Pharmacotherapeutic Group: Rabies vaccines. ATC Code: J07BG01.
Pharmacology: Pharmacodynamics: Pre-exposure: The serum antibody level ≥ 0.5 IU/mL considered as protective by the WHO is achieved after injection of 3 doses at D0, D7 and D28 (or D21). This immunity should be maintained with booster doses.

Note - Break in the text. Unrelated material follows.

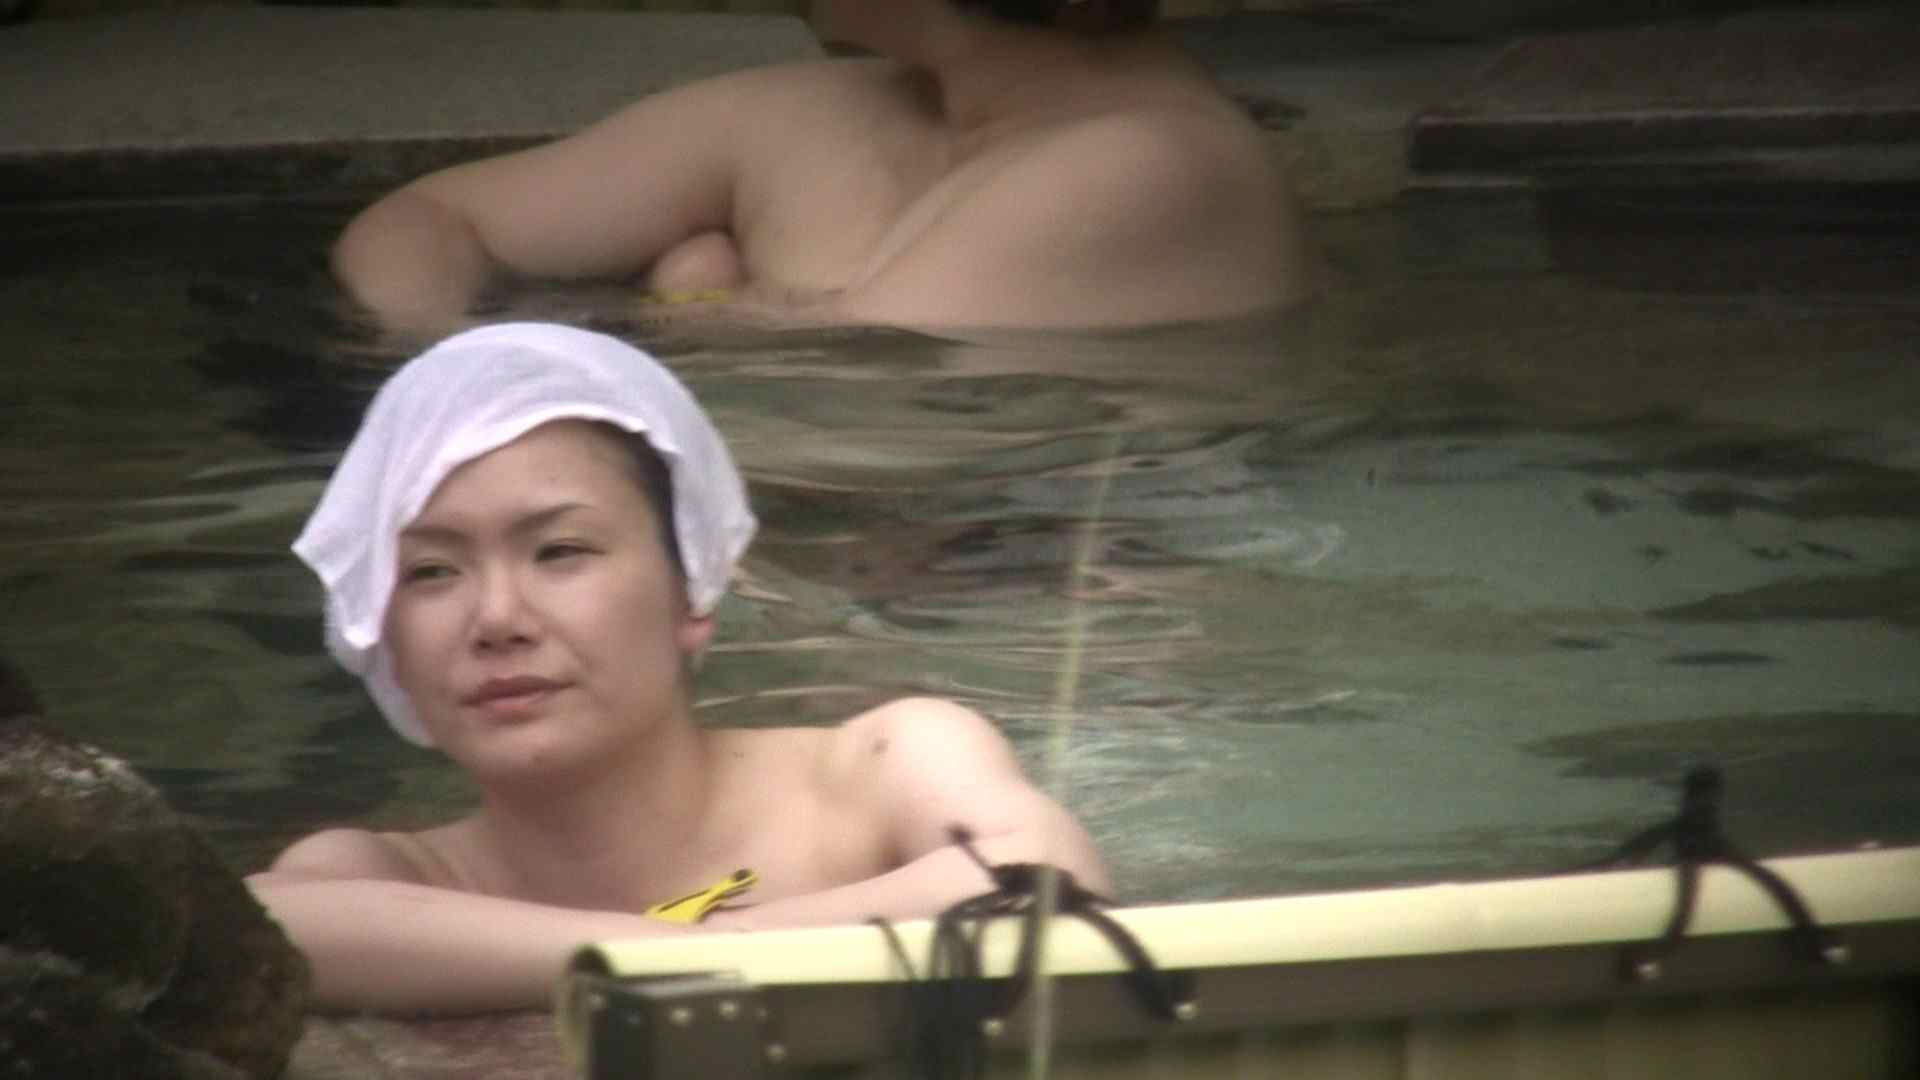 Aquaな露天風呂Vol.12【VIP】 HなOL | 盗撮  83pic 4

Post-exposure: Post-exposure treatment was studied in adults exposed to the rabies virus. The subjects received 5 doses of the vaccine via the intramuscular route at D0, D3, D7, D14 and D28, as well as rabies immunoglobulins. In all subjects, the serum antibody level exceeded the threshold of 0.5 IU/mL, considered as protective by WHO, from the third injection at D14. For subjects already immunized, the administration of 2 doses 3 days apart (D0 and D3) post-exposure makes it possible to achieve a serum antibody level > 0.5 IU/mL, considered as protective by WHO. The administration of rabies immunoglobulins is not necessary in this case. Slightly lower mean neutralizing antibody titres may be observed when human rabies immunoglobulins (HRIG) or equine rabies immunoglobulins (ERIG) are administered at the same time as the first two doses of rabies vaccine, in accordance with the Zagreb regimen.
Pharmacokinetics: No pharmacokinetic studies were performed.
Toxicology: Preclinical safety data: Toxicity studies in animals (acute, sub-acute and chronic toxicity) do not indicate any toxic effects or target organ toxicity.